Penetapan Tersangka dan Kronologi Singkat
Febrie Adriansyah telah resmi ditetapkan sebagai tersangka dan langsung ditahan selama 20 hari sejak Jumat, 24 Juli 2026. Penahanan dilakukan di Rutan KPK cabang Jakarta Timur. Ia tiba di rutan tersebut sekitar pukul 23.20 WIB setelah menjalani pemeriksaan di Kejaksaan Agung.
Kasus dugaan TPPU ini terkait dengan temuan barang bukti berupa 74 kilogram emas dan uang miliaran rupiah saat penggeledahan di sejumlah lokasi, termasuk rumah Febrie di Sentul.
Kasus Lain yang Menjerat Febrie
Dengan status tersangka dalam kasus TPPU ini, Febrie kini menjadi tersangka dalam dua perkara.
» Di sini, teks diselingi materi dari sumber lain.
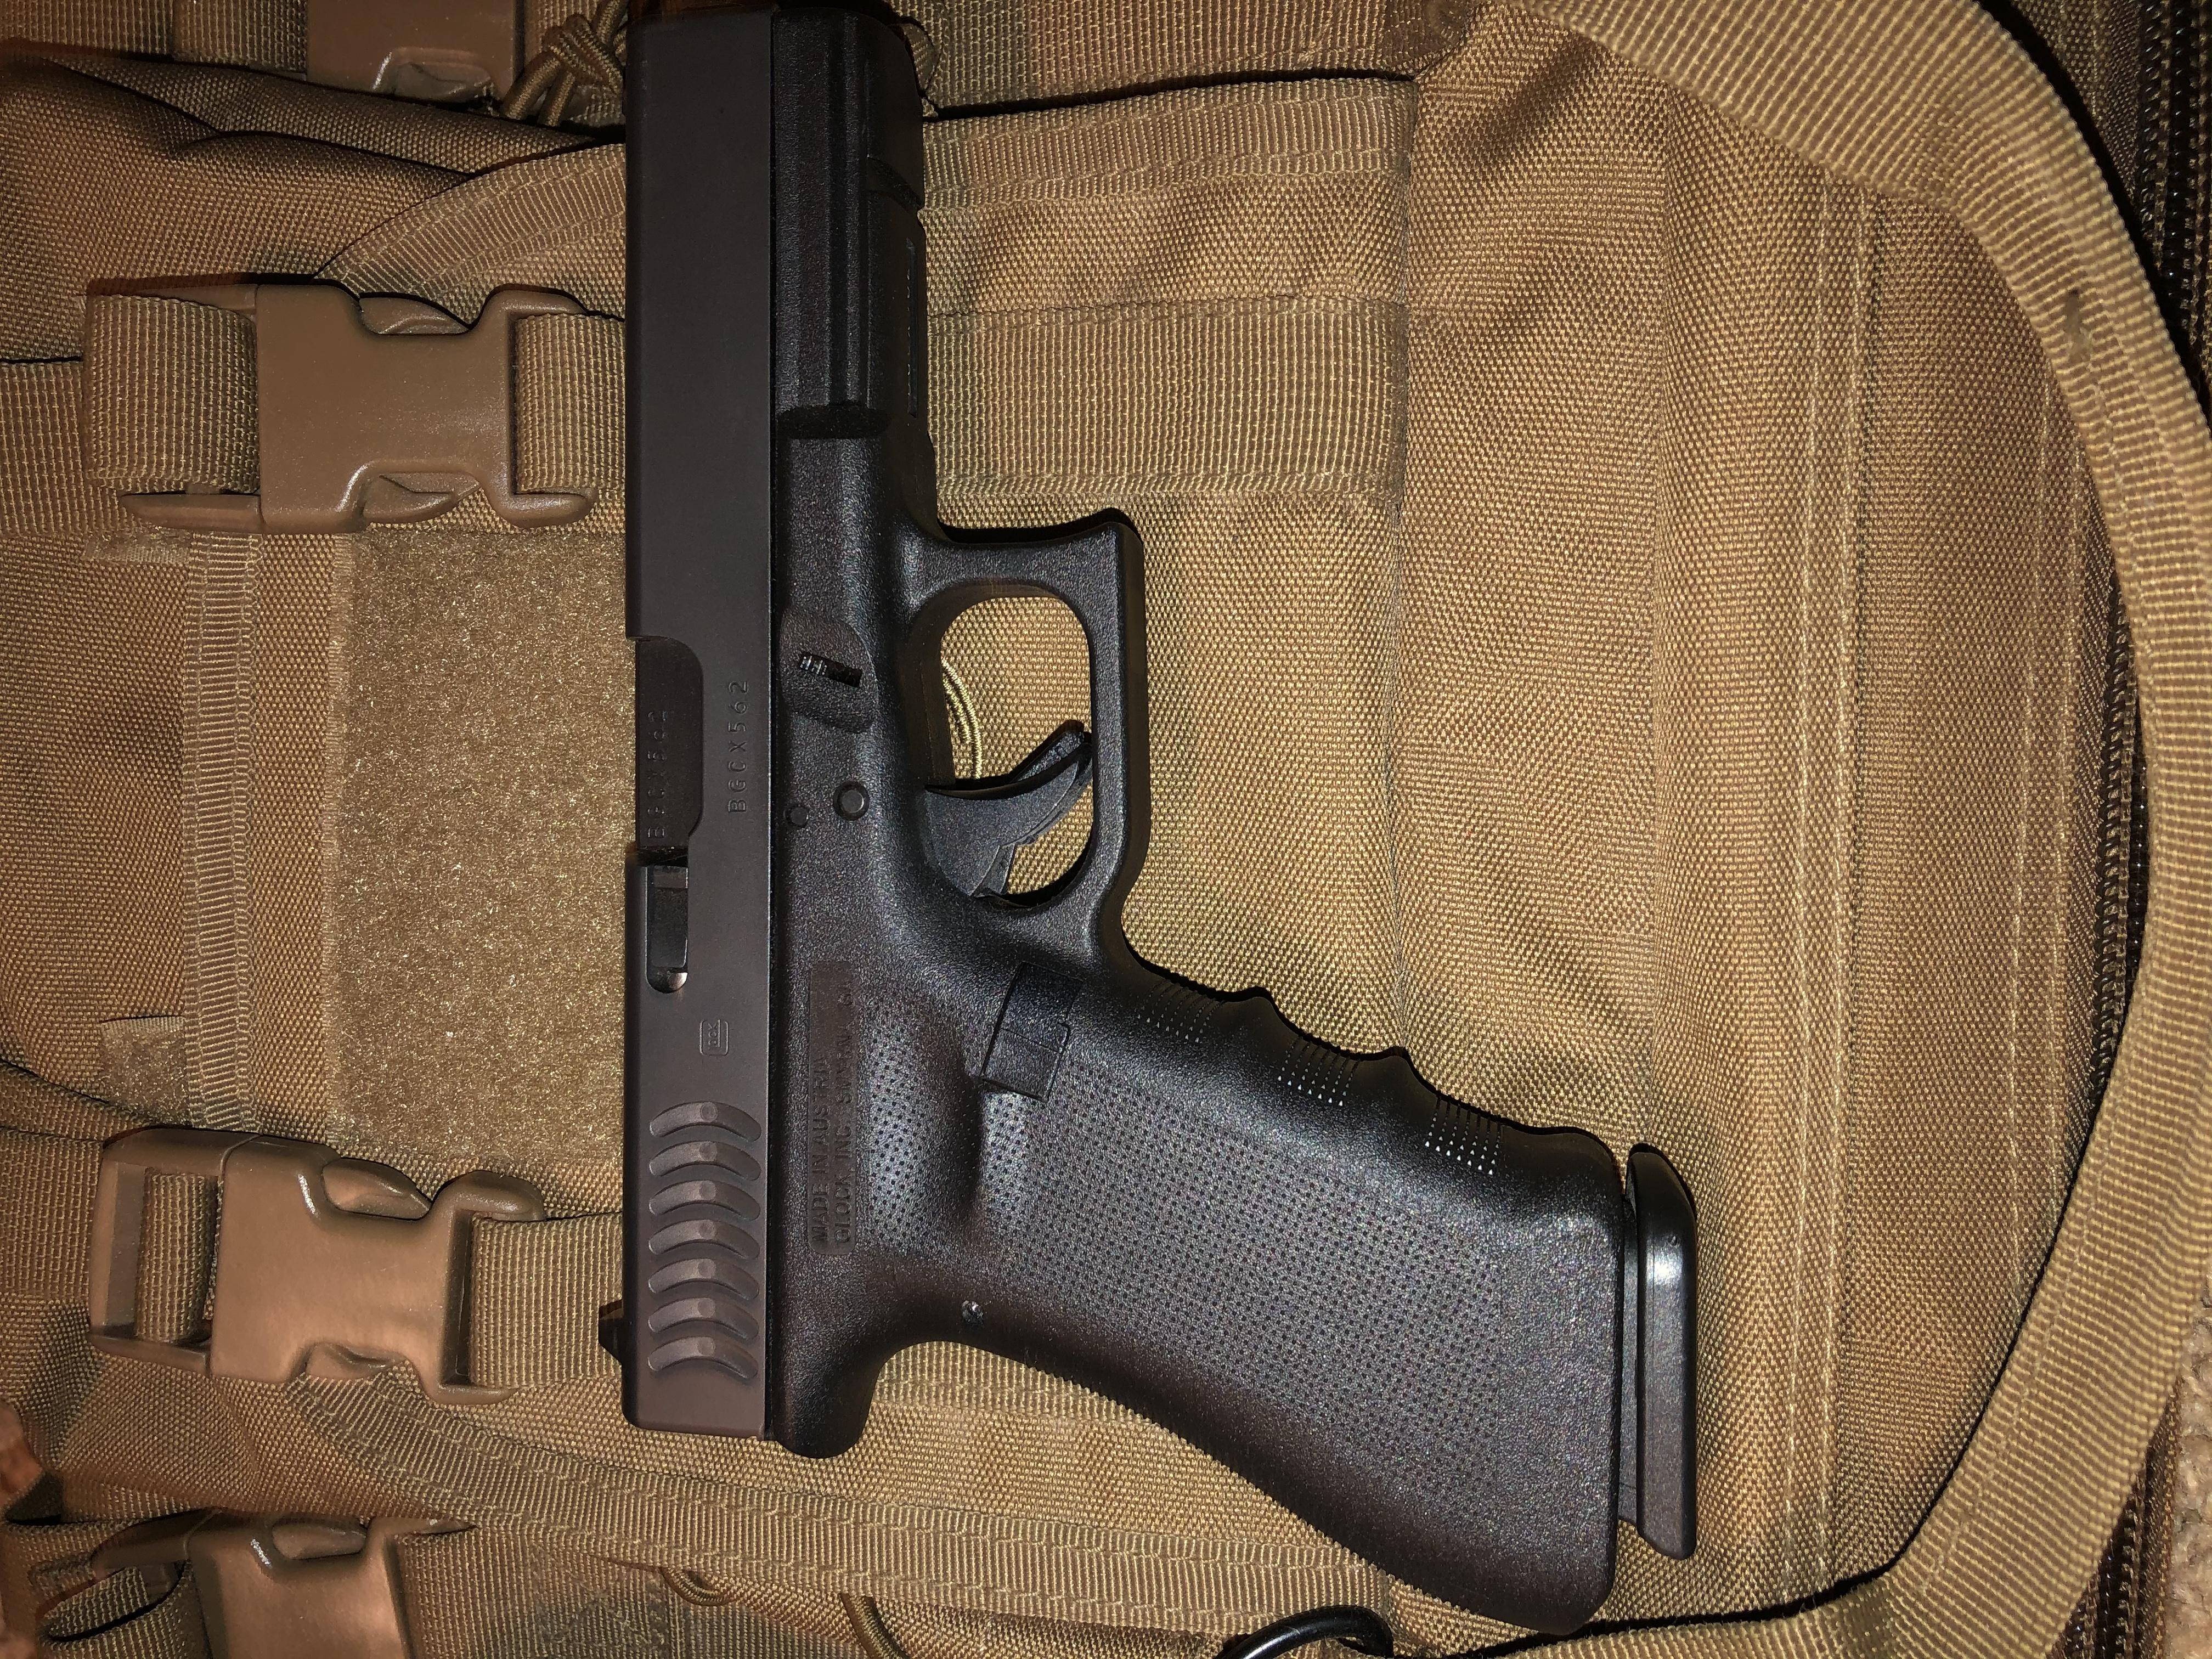 Glock 17 RTF w/ Fish Gills-6bd8b3a1-3a07-4e39-a5d2-68d74d898264.jpeg

Selain dugaan pencucian uang, ia juga tersangkut kasus dugaan korupsi di PT ASABRI. Sementara itu, untuk kasus PLTU dan Krakatau Steel yang tengah diselidiki, belum ada penetapan tersangka.
Implikasi dan Perkembangan Selanjutnya
Penahanan Febrie di Rutan KPK memperlihatkan upaya Kejaksaan Agung dalam menjaga proses hukum yang transparan dan akuntabel, terutama dalam kasus-kasus besar yang melibatkan pejabat tinggi. Langkah ini juga menunjukkan sinergi antara Kejaksaan Agung dan KPK dalam penanganan perkara korupsi dan tindak pidana pencucian uang di Indonesia.